Singaporean follows Aussie at UN IP agency
A Singaporean official has defeated a candidate from China in a leadership contest for the UN's intellectual property body which was swept into a rift over claims of Chinese theft of technological know-how.
Daren Tang, 47, the CEO of Singapore's intellectual property office, won a crucial nomination to become the next director-general of the World Intellectual Property Organisation over China's Wang Binyang, a veteran at the agency.
The "co-ordination committee" handed a 55-28 victory to Tang in a final round of voting that began on Wednesday with five candidates vying to replace the agency's outgoing chief, Francis Gurry of Australia.

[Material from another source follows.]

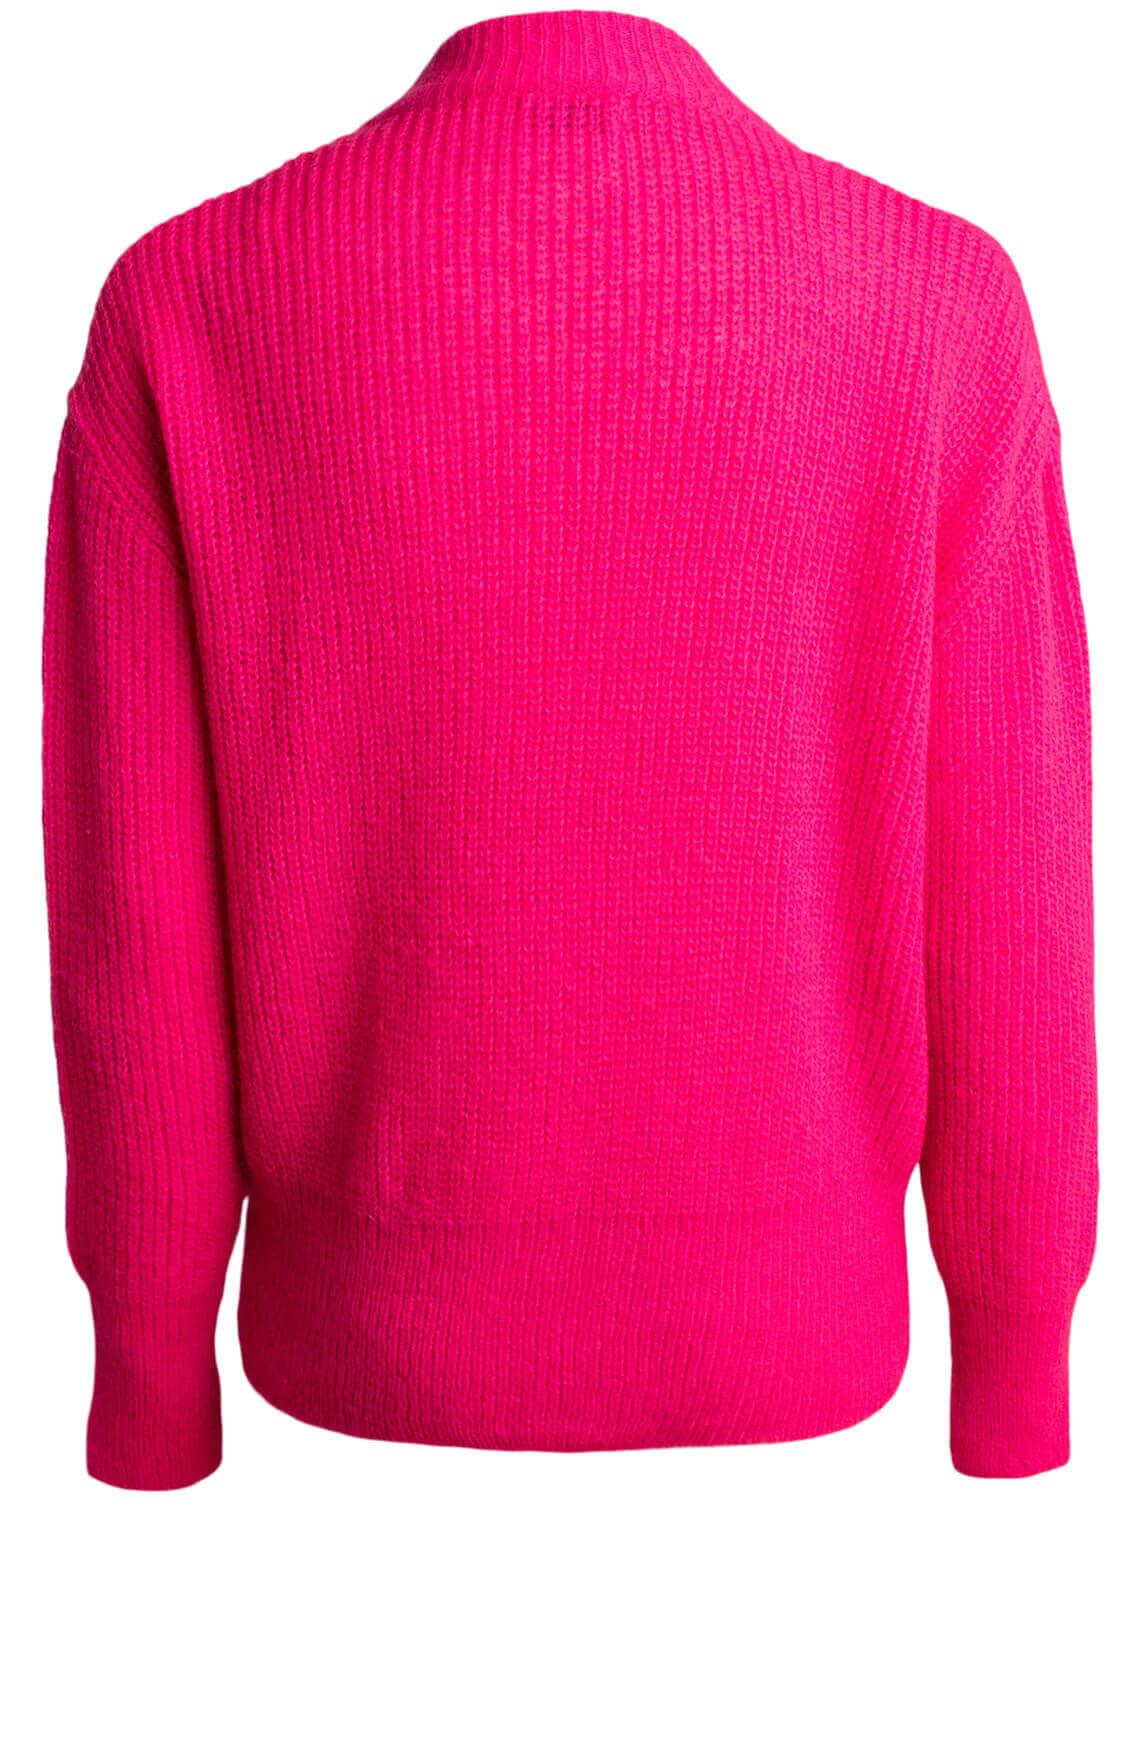 Anna Dames Gebreide trui roze

The fight over the post pit the United States against Wang, prompting the Chinese ambassador to criticize an "attack" against a "competent" civil servant.
She would have become the agency's first woman chief at a time when the UN is promoting gender parity in high office.
WIPO's general assembly has the final say in May but it has never rejected a committee nominee since the 192-country agency was created in 1967.
WIPO is said to be the only UN specialised agency that consistently brings in a surplus, mainly through its patent- and trademark-filing process that costs companies money to help protect their intellectual property overseas.
The United States and some of its allies have long expressed concern about China's approach to intellectual property, which has involved requiring companies that want to operate in its large, fast-growing market to share their technical savvy with local partners.